On the Mac, the feature is in Photos as Copy Subject, and in Preview as Background Removal. In almost all practical ways, the feature is identical.

So Apple’s new feature arguably did the best of them all with the pot plant. It was closer to Photoshop than Pixelmator Pro over how it handled the party shot, to the extent that you would just want to touch up the hair on the man on the left.

Results from macOS Ventura's Background Removal in Preview

Results from macOS Ventura’s Background Removal in Preview

Both the iOS 16 and macOS Ventura versions, in Photos and Preview, were poorest with the exterior shot. The windswept hair looks bad, and most of the railing is erased.

The railing is not the subject, though, so arguably Apple has done a good job with removing everything it can. Even so, Pixelmator Pro’s logic was significantly better.

Results from iOS 16's Copy Subject in Photos

Results from iOS 16’s Copy Subject in Photos

Curious issues with Copy Subject

To compare the different images, they were compiled together in an image editor, in fact in Pixelmator Pro. The original images were lined up at full resolution, and then a new layer was added with all the Photoshop results, all the Photos ones, and so on.

Repeatedly, there would be very slight size differences in the result image. Most of the time it couldn’t be quantified, it was just noticeable when positioning one image over another.
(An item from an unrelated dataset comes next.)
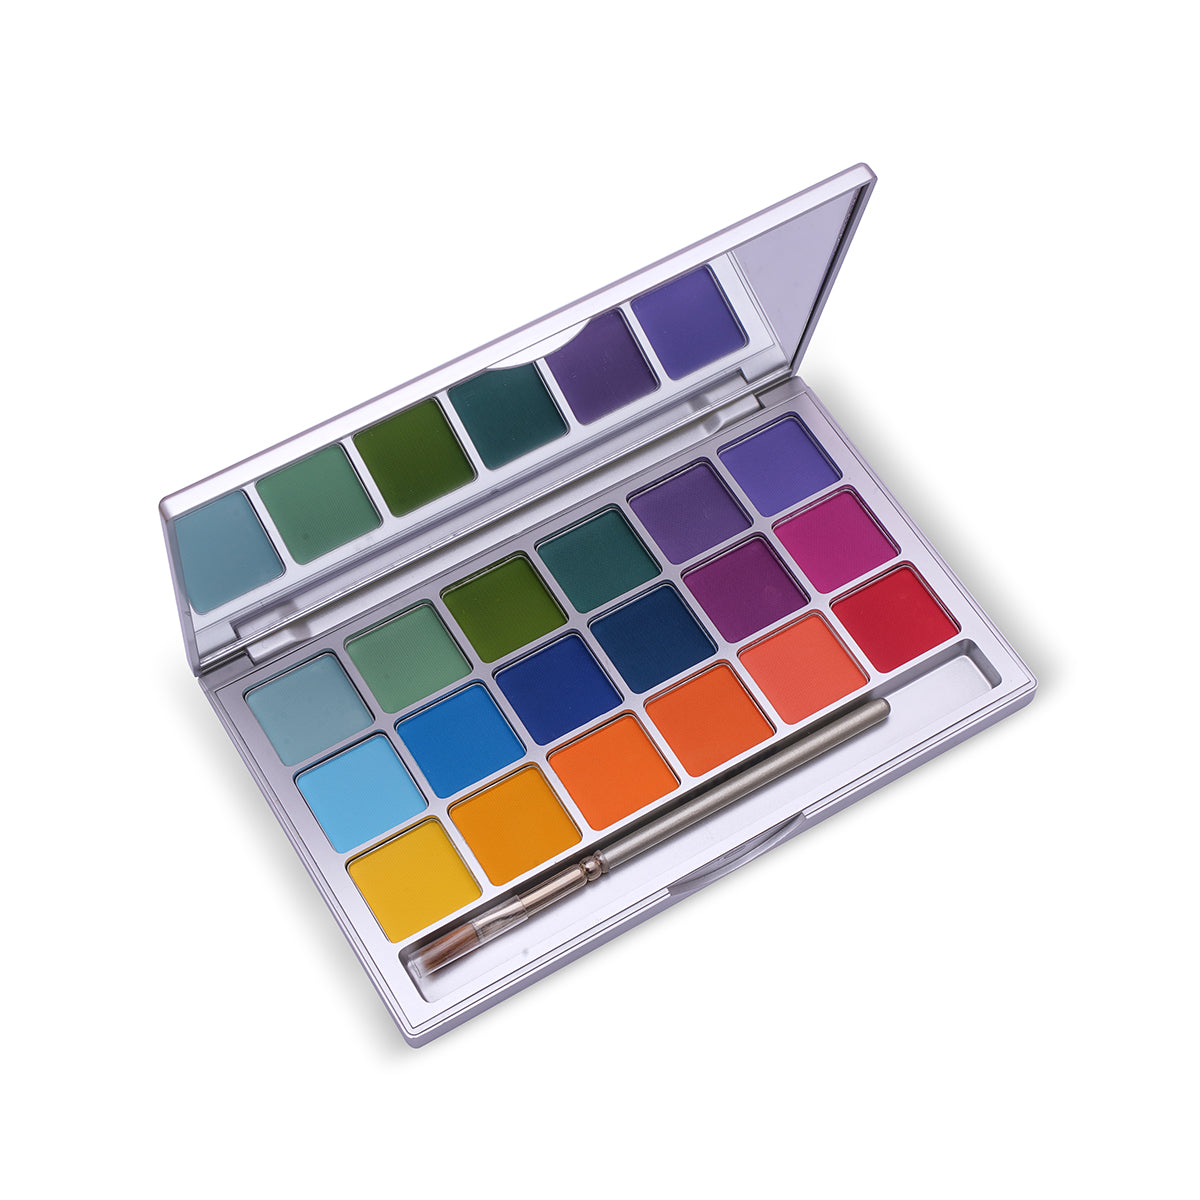 Buy  Kryolan - Variety Eyeshadow Palette - 18 Colors V2 Bright - at Best Price Online in Pakistan

But it was extremely noticeable with Apple’s Copy Subject and Background Removal Feature. In all cases using this, there were unexpected differences in the size of the resulting images.

For example, complete with its background, the original pot plant image was 4,032 pixels by 3,024 pixels. Pixelmator Pro, Photoshop, and the Mac’s Preview app all retained that size, with the pot plant centered on a transparent background.

But the same pot plant image edited in Photos on the iPhone came out at 1,051 pixels by 1,287 pixels. And in the Mac’s Photos app, the result was just 534 pixels by 634 pixels.

It’s not a question of different export settings, either. With each of Apple’s options — Photos on iOS 16 or macOS Ventura, and also Preview on Ventura — there is no exporting at all.

Rather, you Copy Subject, as the name suggests. Even Preview’s feature named Background Removal actually takes the foreground and puts it on the clipboard.

If you paste that resulting image into Mail on the iPhone, you get the option to send it as various different sizes. But in each test, AppleInsider chose Actual Size.

This size issue, and moreover the fact that the copied subject is placed on the clipboard, shows that Apple expects this feature to be used for quick sharing. It’s not the start of an image editing job, it’s the start and end of grabbing a subject and sharing it over Messages or email.

Your mileage will vary

Even if your aim is to use background removal as part of a more complex piece of image editing, you’re still not going to subscribe to Photoshop because you’ve got one single image to work with.

You’re hardly more likely to buy Pixelmator Pro just because you have a handful of shots you’d like to alter.

Subscribing to Photoshop starts at $20.99 per month, though there is a trial version. Pixelmator Pro also has a free trial, and otherwise is a one-time purchase costing $40 from the Mac App Store.

If you do any work with images beyond grabbing something to show your friends, Photoshop and Pixelmator Pro are both incredible tools.

But when it is just that fast grab and share that you’re after, you’re going to do it with Apple’s feature. You’ve got them without paying extra, and moreover, you don’t really have to learn how to do anything beyond contort your fingers a bit on the iPhone.

So background removal is moving in the mainstream because of Apple. And for a tool that’s meant to help millions of people with, quite possibly, billions of photos, Apple’s new tools are startling good.